Your task: Begin at the line with "A women in the driver's seat in a rickshaw" and set down each line exactly until the listing ends. Images stay out.

[[ Supplied material open ]]

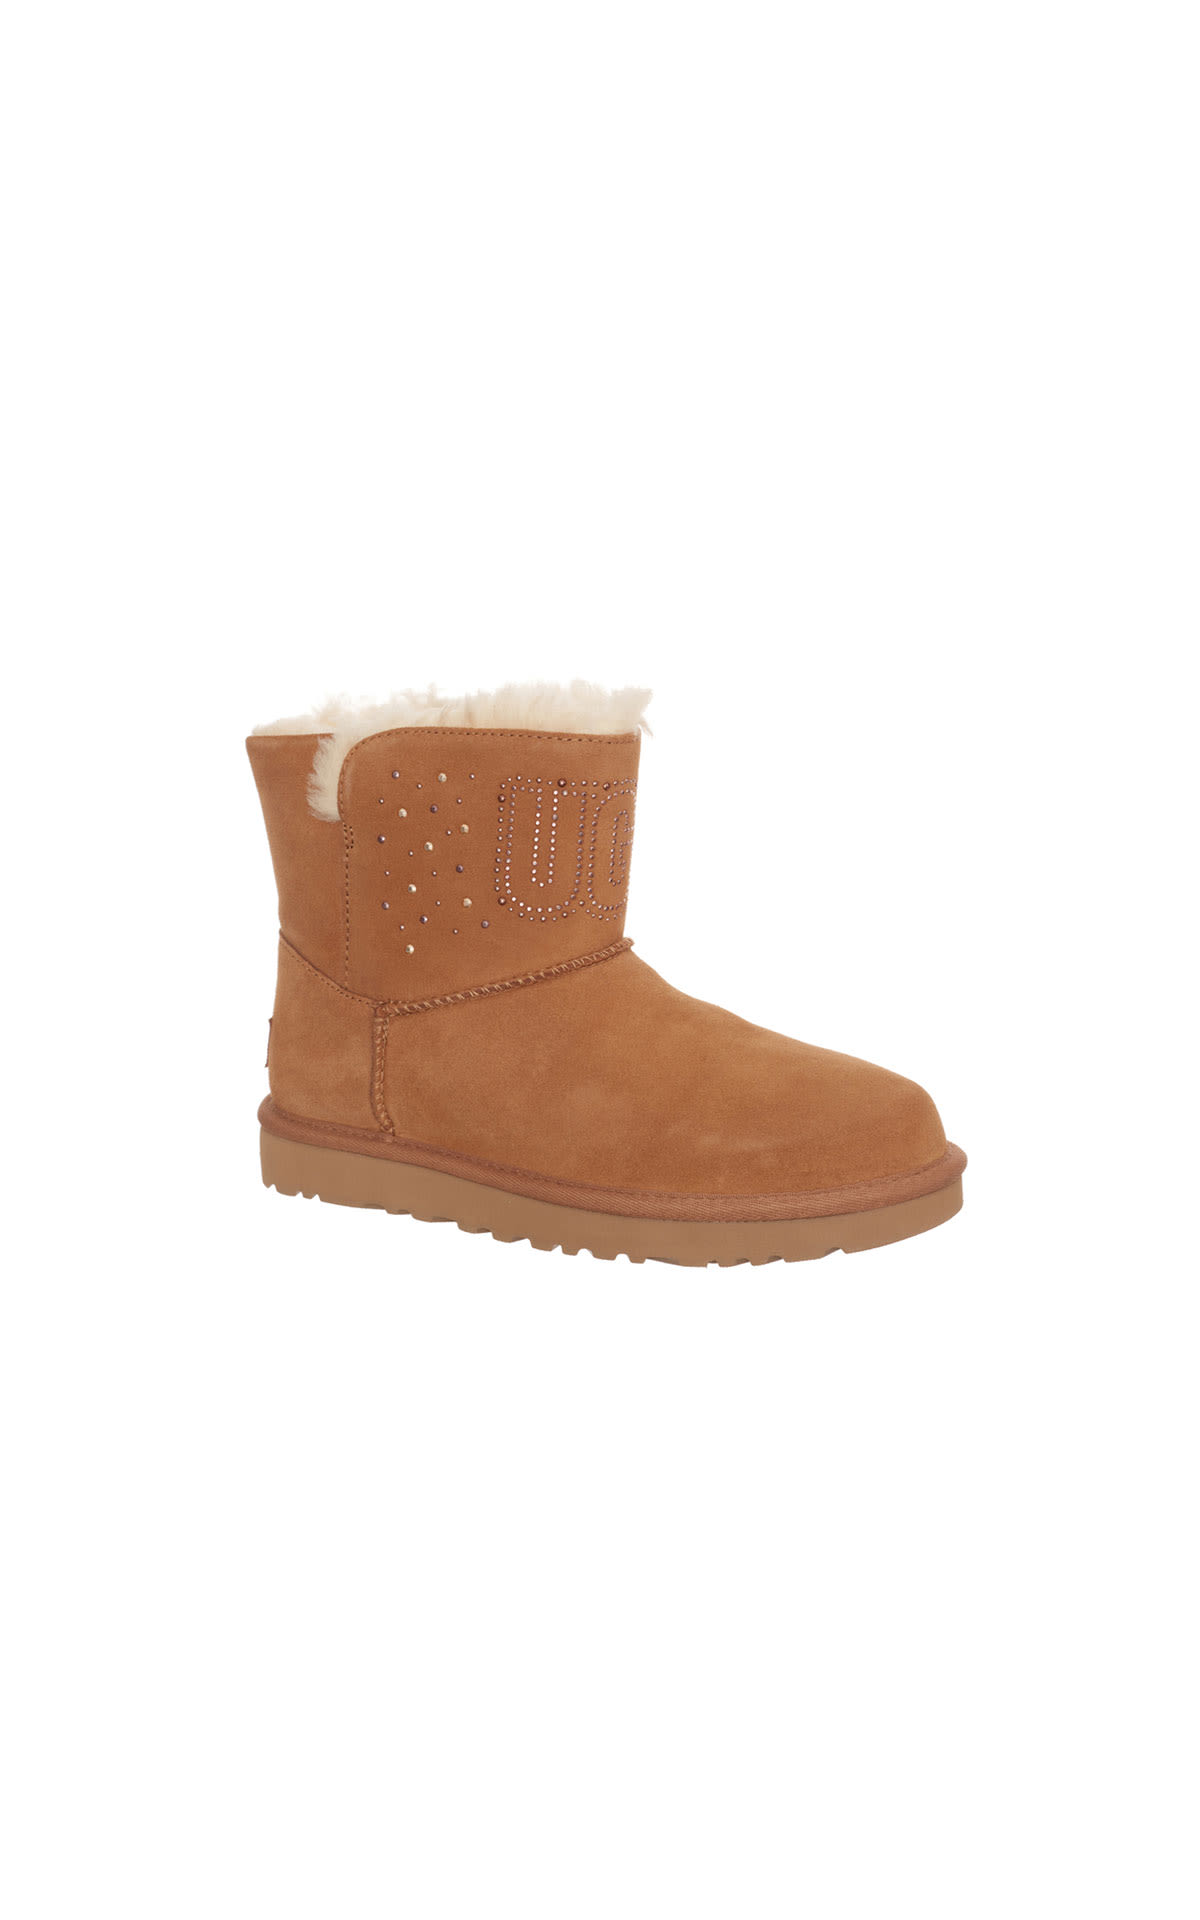 Ugg Classic Ugg from Bicester Village
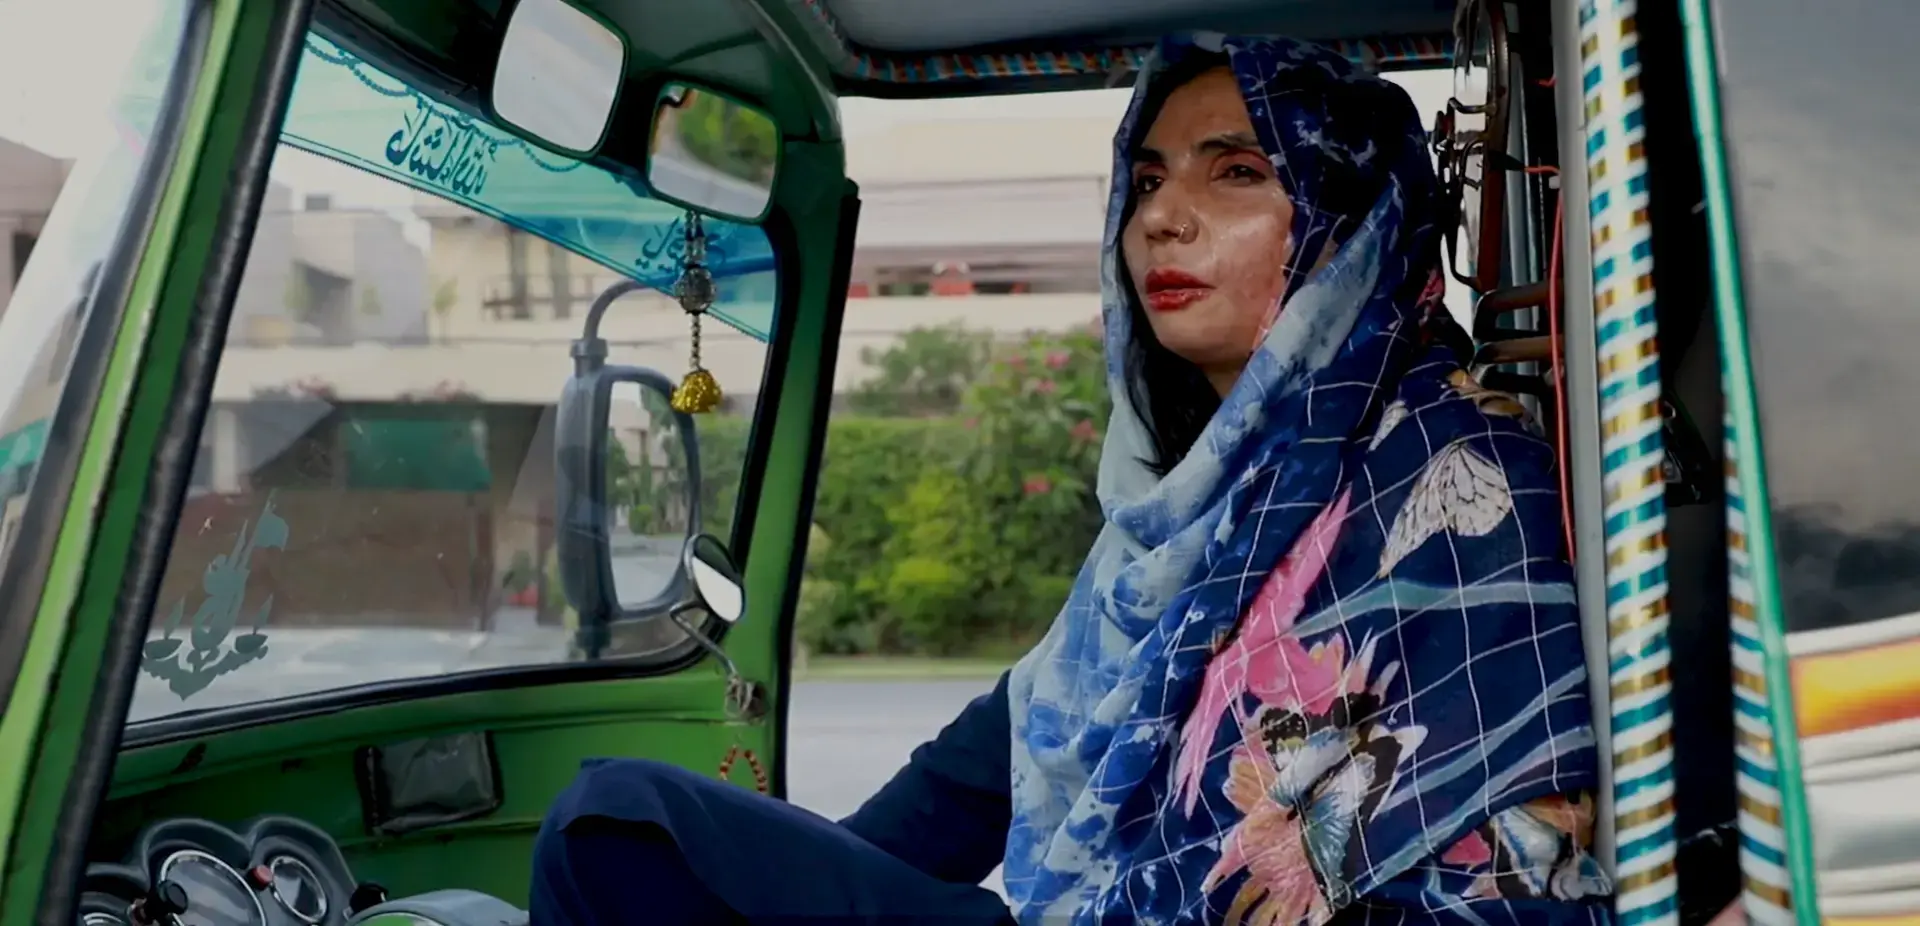 A women in the driver's seat in a rickshaw
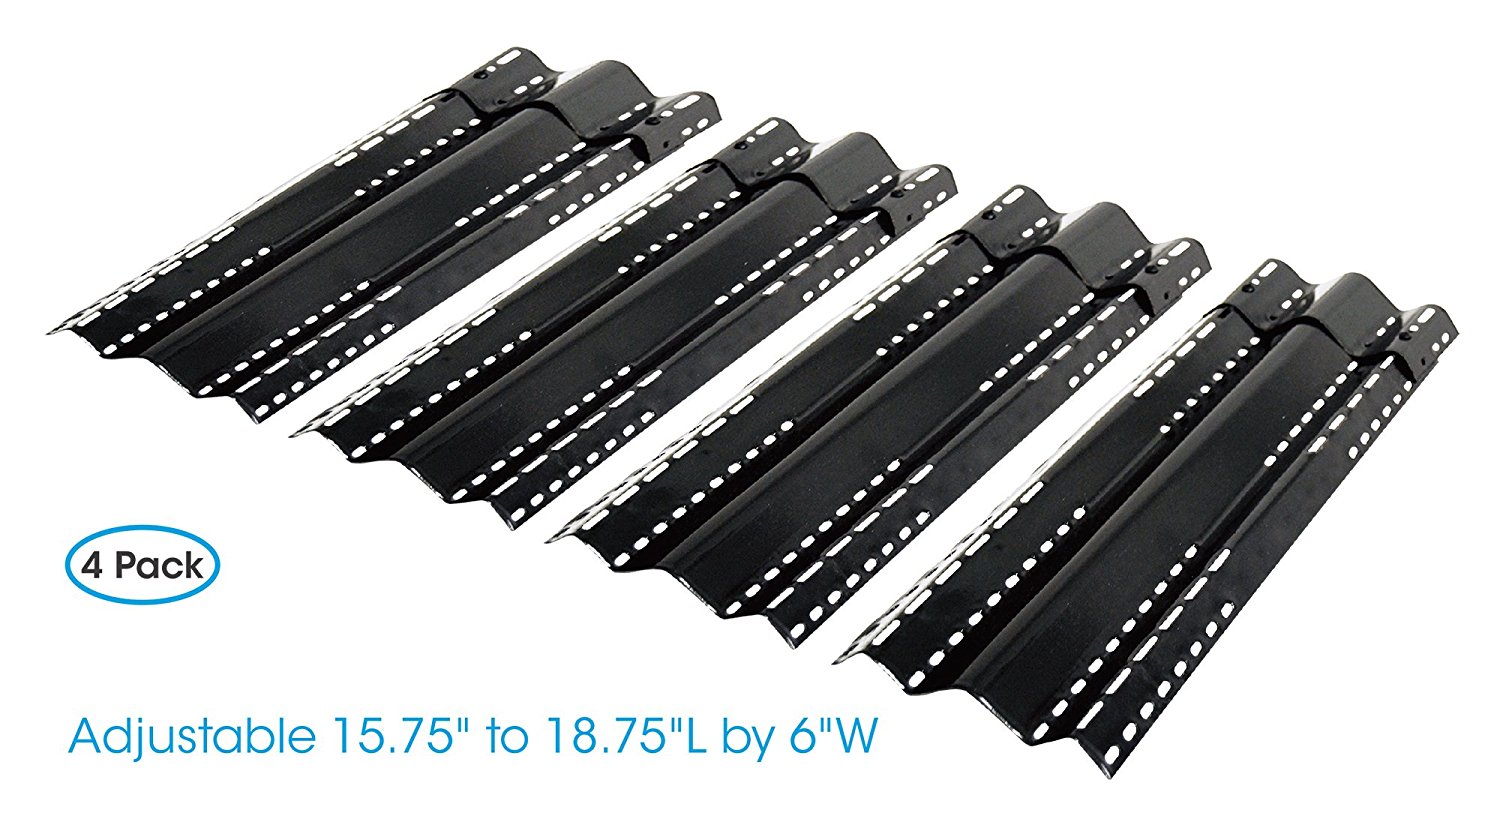 Details about   4X Porcelain Grill Heat Plate Heat Shield Plate Flavorizer Bar for BBQ Gas Grill 
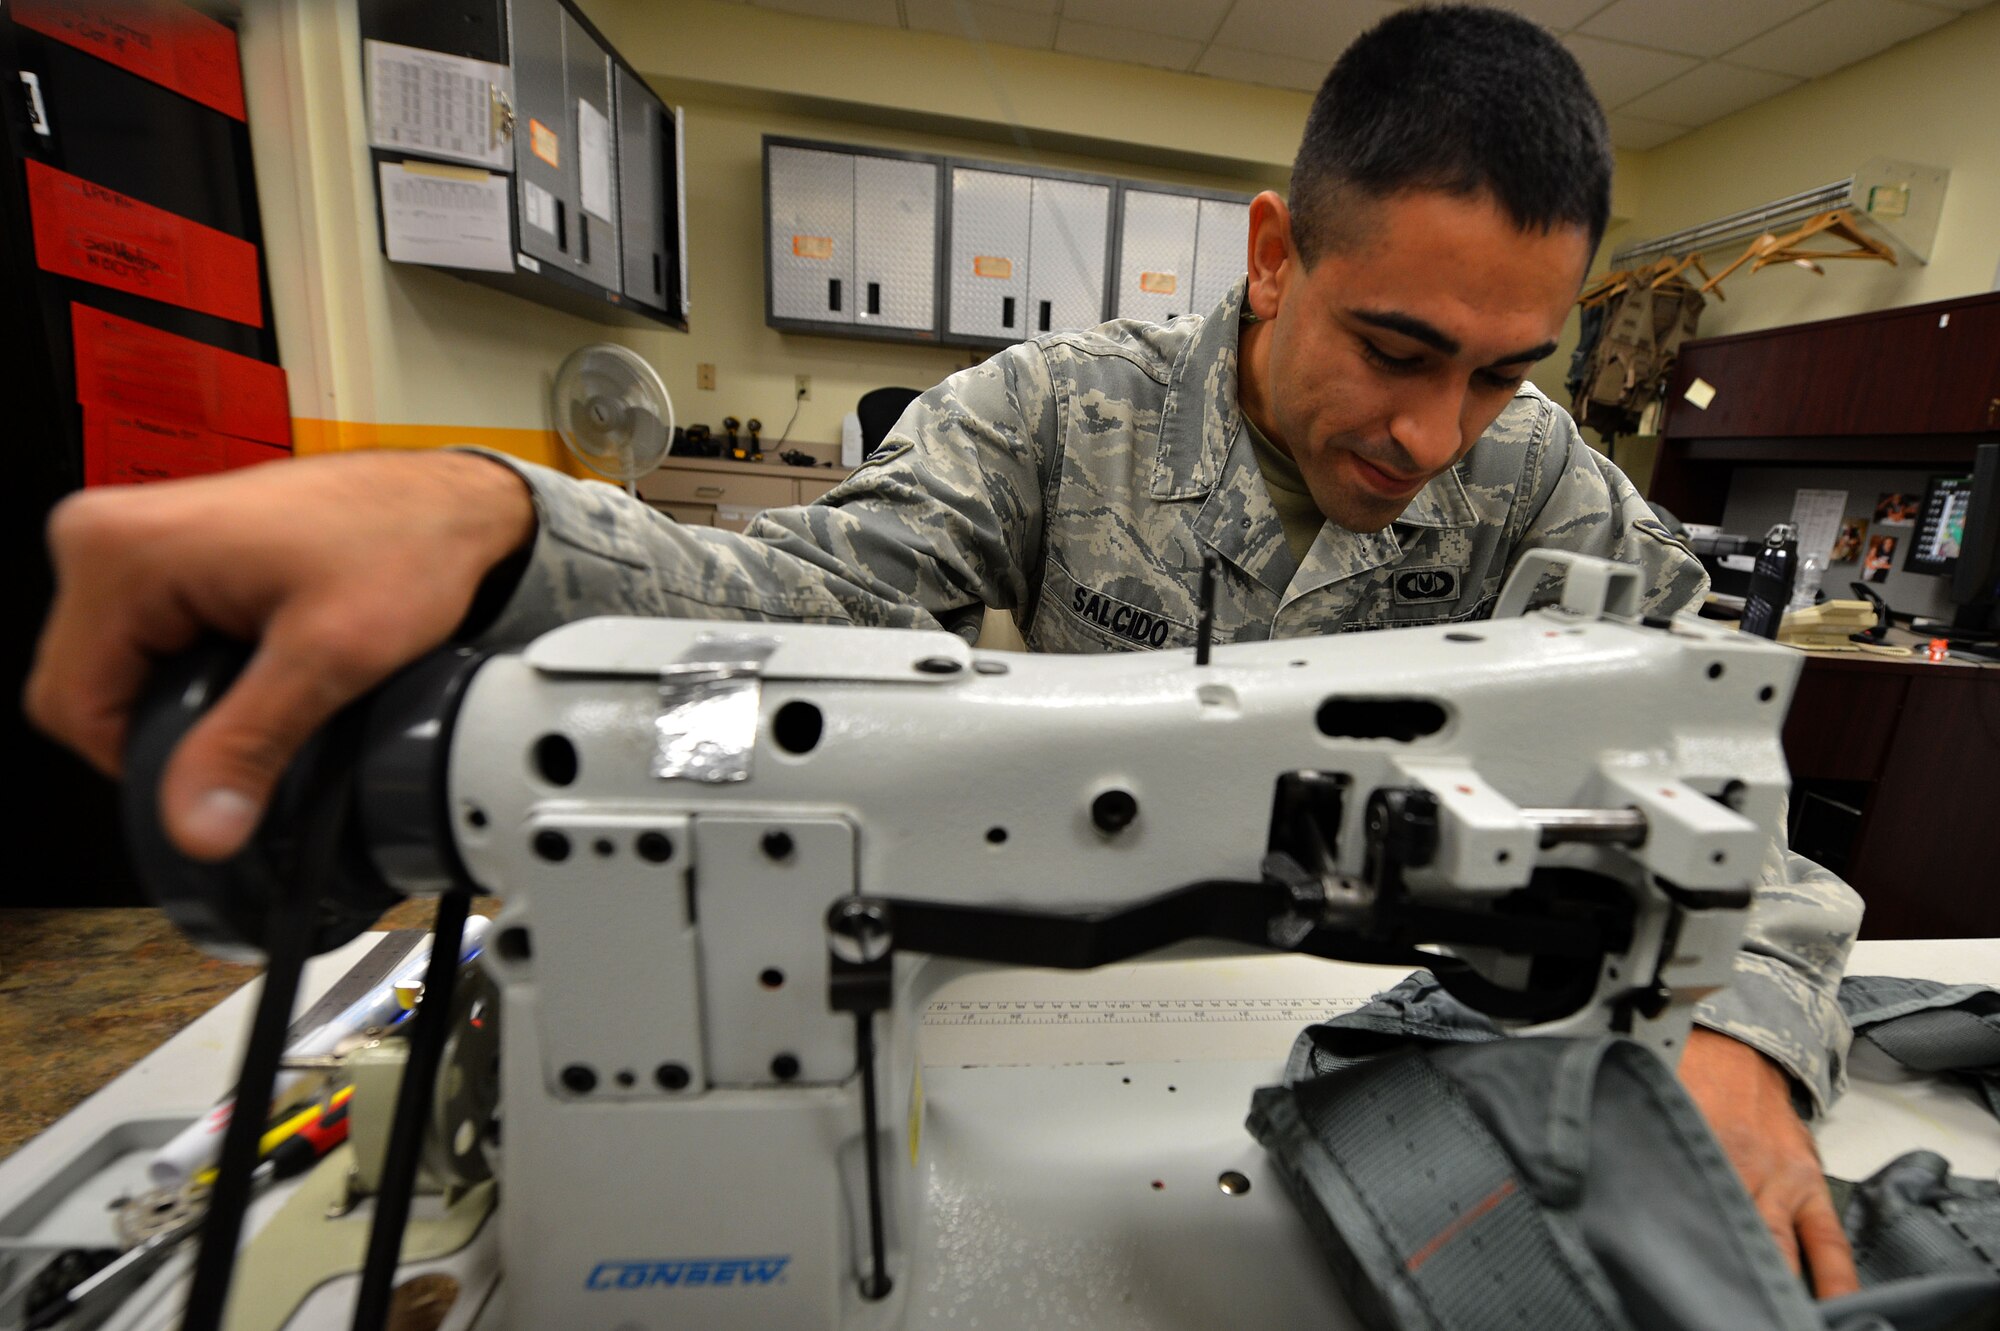 U.S. Air Force Airman 1st Class Jerry Salcido, 20th Operations Support Squadron aircrew flight equipment specialist, sews a PCU-15B/P torso harness at Shaw Air Force Base, S.C., Oct. 21, 2015. AFE airmen inspect, maintain, and service all aircrew’s gear to ensure it is in working order and has no discrepencies. (U.S. Air Force photo by Senior Airman Michael Cossaboom)

[[ Supplied material closed ]]

Your response:
 A women in the driver's seat in a rickshaw
 Details about   4X Porcelain Grill Heat Plate Heat Shield Plate Flavorizer Bar for BBQ Gas Grill 
 U.S. Air Force Airman 1st Class Jerry Salcido, 20th Operations Support Squadron aircrew flight equipment specialist, sews a PCU-15B/P torso harness at Shaw Air Force Base, S.C., Oct. 21, 2015. AFE airmen inspect, maintain, and service all aircrew’s gear to ensure it is in working order and has no discrepencies. (U.S. Air Force photo by Senior Airman Michael Cossaboom)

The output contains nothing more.